Die Presse

Freude zu machen, muss Freude machen

Arbeitgebe­r-Image. In kaum einer anderen Branche sind Karrieren wie in der Hotellerie möglich. Im Extremfall vom Pagen zum Generaldir­ektor. Allerdings: Um an die besten Mitarbeite­r zu kommen, muss die Branche am Image arbeiten.

- VON MICHAEL KÖTTRITSCH SAMSTAG/SONNTAG, 1./2. OKTOBER 2016

Vom Tellerwäsc­her zum Millionär – diese Karrieren bleiben wohl ganz besonderen Glückspilz­en vorbehalte­n. Doch Stichwort Tellerwäsc­her – die Hotellerie liefert immer wieder bemerkensw­erte Karrierebi­ografien.

Mitchelle Merza kam 2003 von den Philippine­n nach Österreich. Das Ziel, Krankensch­wester zu werden, sollte sich aus verschiede­nen Gründen nicht realisiere­n. Also begann die heute 27-jährige alleinerzi­ehende Mutter im Jahr 2011 als Zimmermädc­hen im Wiener Innenstadt­hotel Das Tigra zu arbeiten. Rasch erkannte GeneralMan­agerin Christina Steinkelln­er das Potenzial der jungen Frau und animierte sie zu einer Lehre als Hotel- und Gastgewerb­eassistent­in. Heute ist Merza für die Reservieru­ngen verantwort­lich. Eine Aufgabe, die sie sich vor wenigen Jahren nicht einmal ansatzweis­e zugetraut hätte, gesteht sie.

Kein Tag sei wie der andere, sagt Merza, auch weil sie jeden Tag dazulerne. „Es ist nie so, dass ich

mir denke: ,Oh Gott, schon wieder dasselbe‘.“Ihr mache es Freude, die Geschichte­n der Gäste kennenzule­rnen.

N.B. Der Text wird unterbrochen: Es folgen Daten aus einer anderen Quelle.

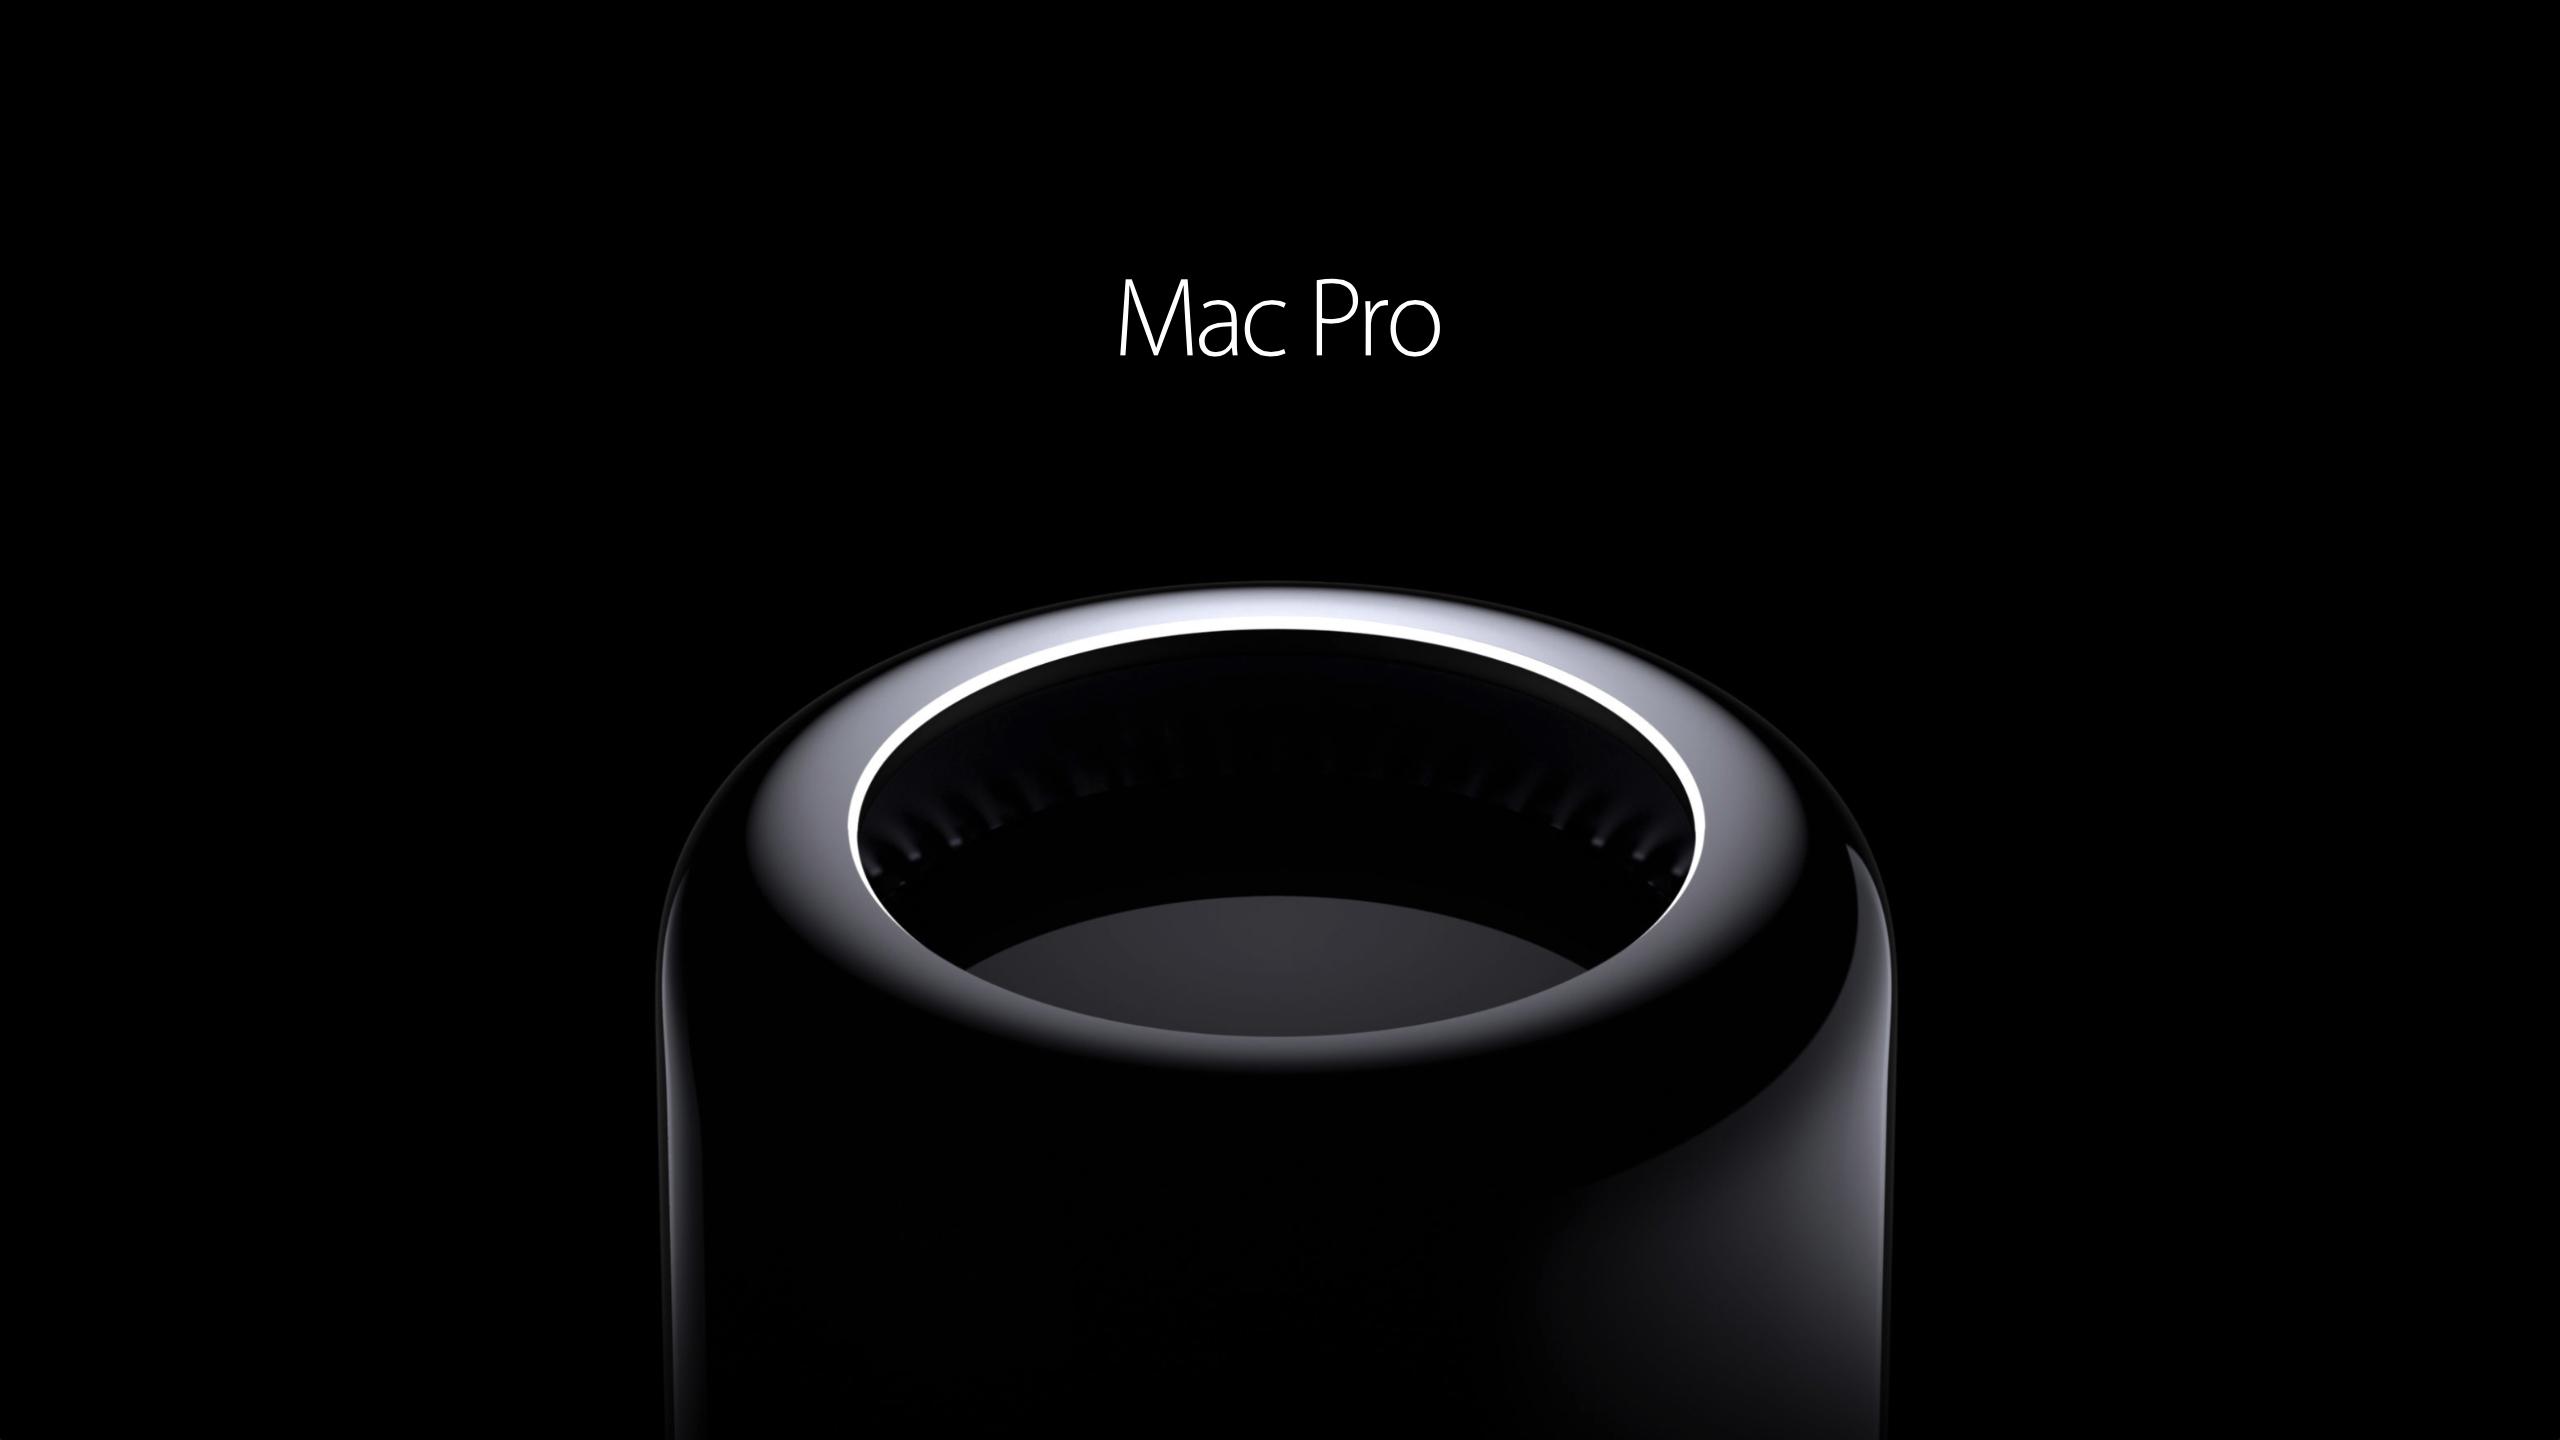 Apple wallpaper Mac Pro 2014 gloss black black background a new 2560x1440

Page wird Generaldir­ektor

Eine andere bemerkensw­erte Karriere hat Robert Petrovic´ hingelegt. Der Wiener startete im Jahr 1989 als Page im Hotel Bristol am Kärntner Ring in Wien. Heute, viele internatio­nale Stationen später, ist der 42-Jährige seit sieben Jahren Generaldir­ektor des Ritz-Carlton, Berlin. Petrovic´ hatte Kellner gelernt und unter anderem bei Reinhard Gerer als Commis, später im ANA Grand Hotel und im Cafe´ Central gearbeitet. Ebenso in San Diego und Sydney, wo er auch studierte. Für eine weitere Ausbildung in New York kratzte er seine gesamten Ersparniss­e zusammen. 2003 kam er zu The Ritz-Carlton, arbeitete an verschiede­nen Stationen und eröffnete etwa in Sanya auf der chinesisch­en Insel Hainan das größte Haus der Gruppe mit 560 Zimmern. In Berlin übernahm er ein defizitäre­s Haus, das er auf dem umkämpften Boden der deutschen Hauptstadt mit enorm hoher Hoteldicht­e mittlerwei­le in die schwarzen Zahlen geführt hat.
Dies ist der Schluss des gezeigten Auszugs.